Маркову представлялось почему-то, что писатели, книги которых он встречал в школьной библиотеке, жили когда-то давно, даже очень давно. Отчасти он был прав: ведь с тех пор успела смениться эпоха. Как было представить, что Федор Сологуб, написавший «Мелкого беса», и сейчас здравствует и даже председательствует в Союзе писателей на Фонтанке, в доме номер 50? А Чарская! Лидия Чарская с ее слащавой «Княжной Джавахой» замужем за бухгалтером и живет где-то около Пяти углов!
4
Вскоре Маркову представилось немало удобных случаев, чтобы недоумевать, восклицать, изумляться. Например, как это могло случиться, что сейчас, в 1923 году, когда Коммунистическая партия отмечает свое двадцатилетие, когда отгремели бои под Вознесенском, очищена Одесса, стерты с лица земли и Врангель, и Колчак, — вот, полюбуйтесь: на Невском, дом 60, находится «Ложа Вольных Каменщиков» и там недавно состоялся диспут по докладу некоего Миклашевского «Гипертрофия искусства»!
— Какие каменщики? Какая гипертрофия? — спрашивал всех Марков, но вразумительного ответа не получал.
Ходили вчетвером — супруги Крутояровы, Марков и Оксана — на выставку в Академию художеств. Оксана, которая не так часто выбиралась из дому, была потрясена не только картинами, но и видом на Неву, на гавань, и сфинксами перед зданием академии, и университетом, мимо которого проезжали.
— Ой, матенько! — поминутно восклицала она, и черные ее брови поднимались все выше и выше.
В выставочных залах к ним присоединился Евгений Стрижов.
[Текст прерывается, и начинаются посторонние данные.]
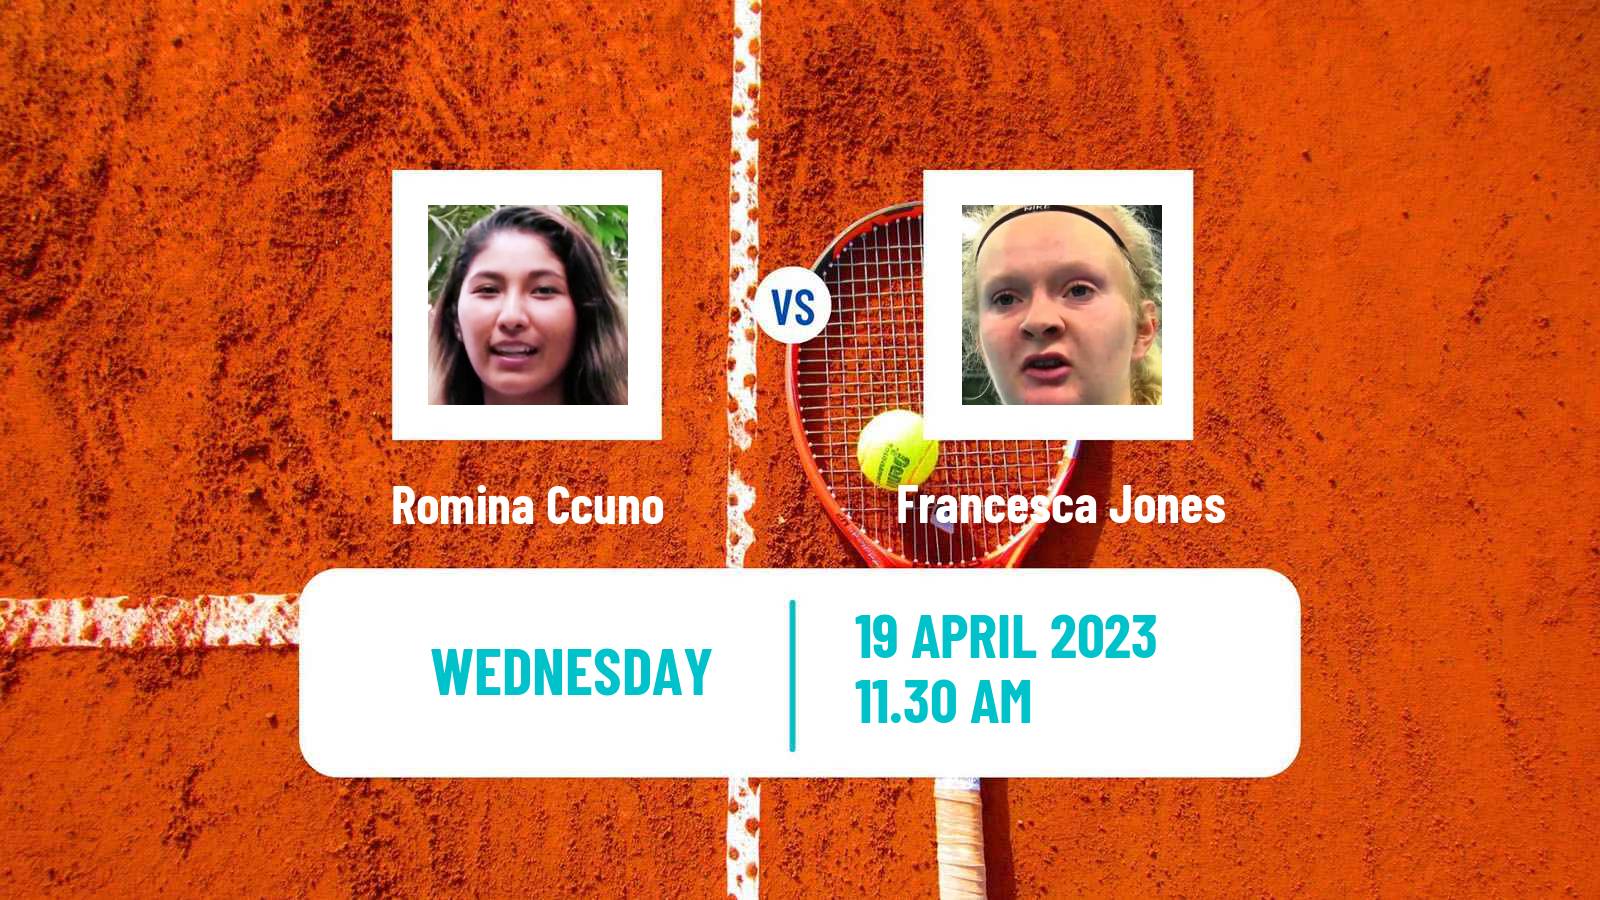 Tennis ITF Tournaments Romina Ccuno - Francesca Jones
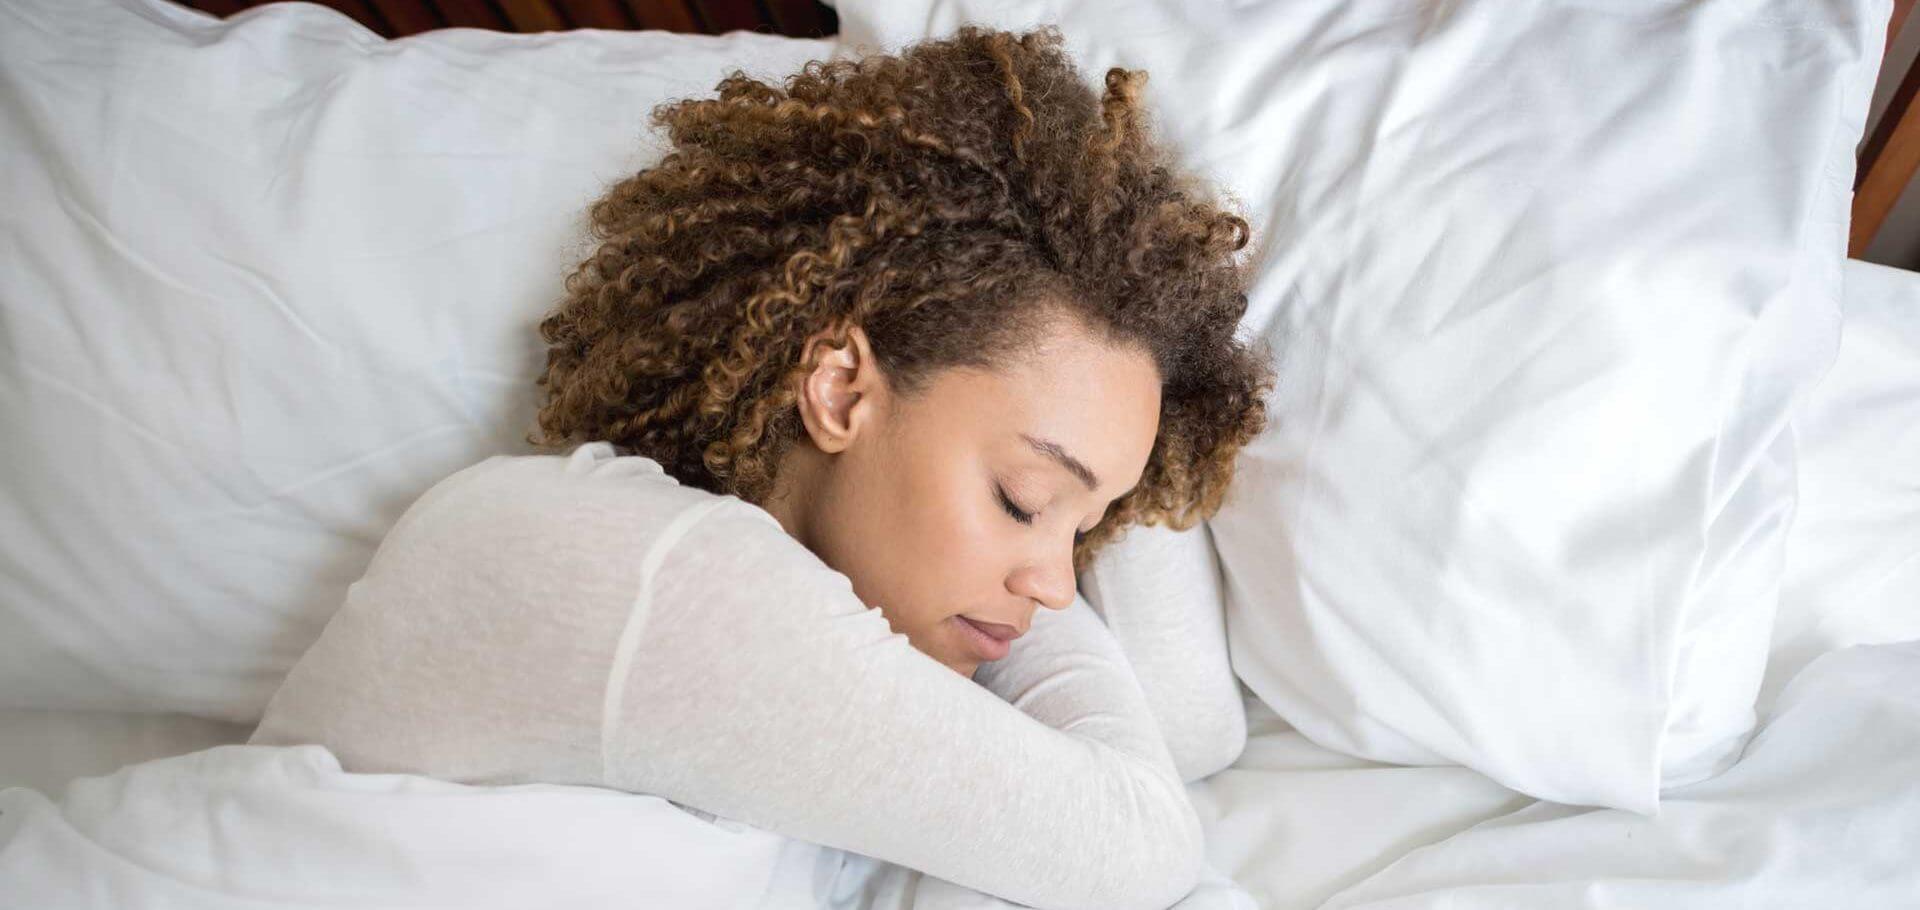 Get the rest you deserve: glycine can help you enjoy deeper, healthier sleep

Он был как дома.
— Дальше, дальше идемте, — тащил он всех. — Тут чего смотреть: цветы.
— Нет, погодите, — остановил Крутояров. — Взгляните на эту сирень.
— Понюхать хочется! — восхищенно вглядывался Марков.
— Художник не просто так вот решил — дай-ка нарисую сирень. Обратите внимание, какие сильные, сочные гроздья, как много веток сирени, они даже не вмещаются в вазу. Обилие, цветение, торжество жизни! А скатерть на столе какова? Видать, в доме живет рукодельница, видать, в доме совет да любовь, а то и не до цветов бы было!..
— Это вы все выдумываете, потому что писатель, — возразил Стрижов. А для обыкновенного взгляда — сирень как сирень.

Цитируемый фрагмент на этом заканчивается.